Wandler recognized that these methods are not always welcomed with open arms. “It takes a leap of faith to try this out,” she admitted. “We’ve been so married to the way we read for so long, it’s hard to try it a different way and think we can make sense of the text by doing it.”
As for concerns about weakened comprehension, Wandler said students need not be worried. “Speed-reading will help you with your concentration because it challenges you to read at a pace where you have to stay focused,” Wandler said.
She maintained that speed-reading works, and that anyone is capable of it with a little practice.
Working on these techniques with a practice text 10 minutes a day for two weeks will result in improved comprehension and speed, according to the SCRS website.

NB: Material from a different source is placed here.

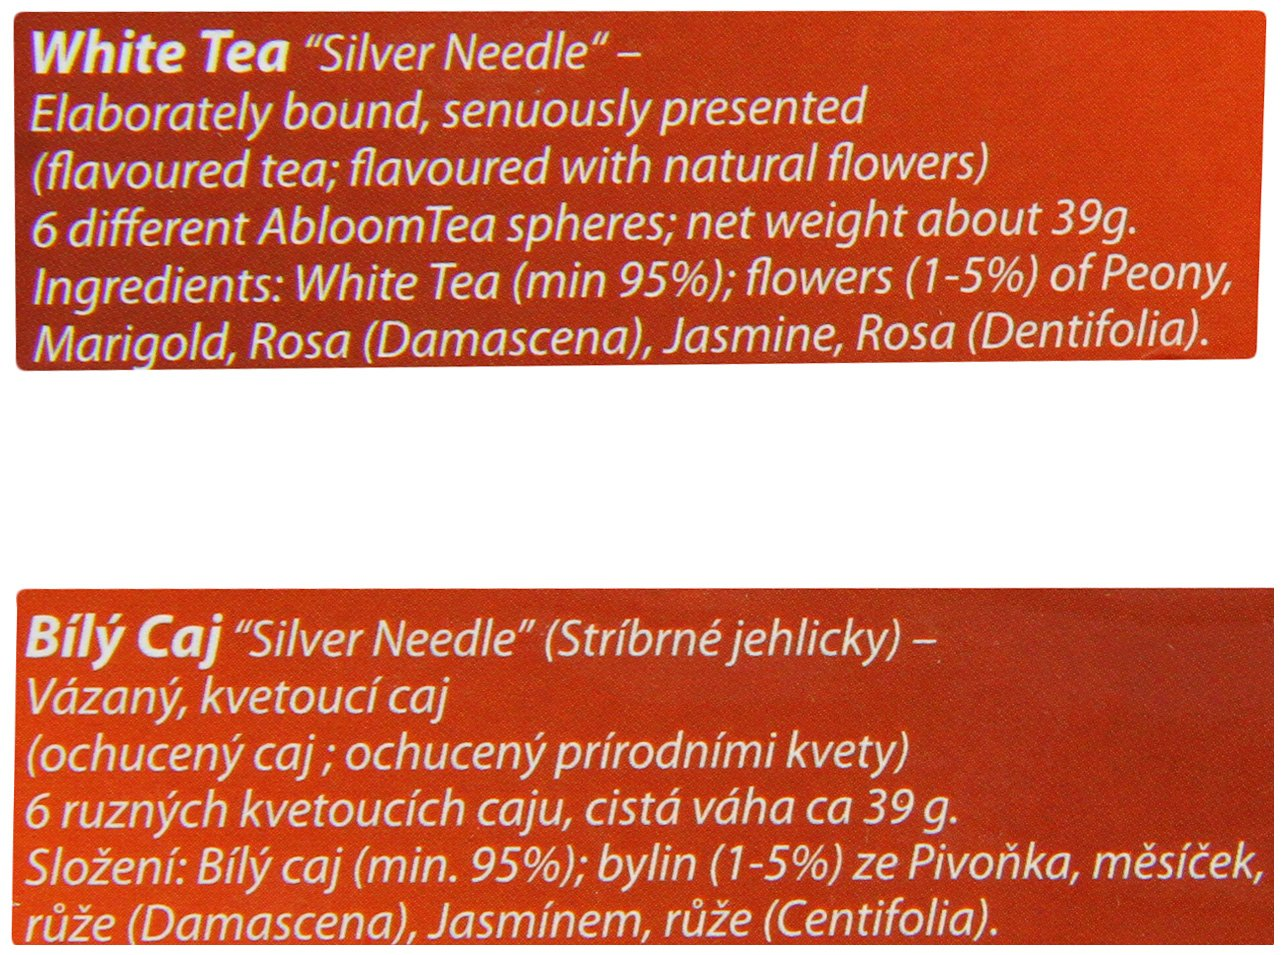 Creano-Teeblumen-Mix-Geschenkset-ErblhTee-mit-Glaskanne-Weitee-6-verschiedene-Sorten

More than 110 students showed up for the lesson. The enrollment limit was originally 35, but a computer glitch kept allowing more people to sign up. Demand was so high it forced a last minute change in location from the SCRS building to a large chemistry auditorium.
Wandler said the class has “always been something that a lot of students attend.”
Attendees left feeling optimistic.
“I’ve always been interested in improving my speed. I knew I was a bit below average,” said David Berger, a first-year in the College.
Other attendees had more utilitarian reasons for coming. “I’ve got too much reading for the time I have, and I’d like to be able to make that better,” said Thomas Bullock, a second-year in the College.
Berger beamed as his reading speed rose from 212 to 454 wpm after incorporating the workshop techniques. Bullock was somewhat more cautious in his assessment. “I don’t know if today helped, but I think the methods, if I keep trying to do them, have some advantages,” he said.
Wandler isn’t surprised by these results. “If they’re a slow reader, they might double their reading speed,” she said.
She stressed, however, that speed-reading is not a cure-all technique for overworked students. “People want to know if it works for Organic Chemistry. No, it doesn’t,” she said. “It’s good for Hum and Social Sciences texts, or something that’s low priority for you.”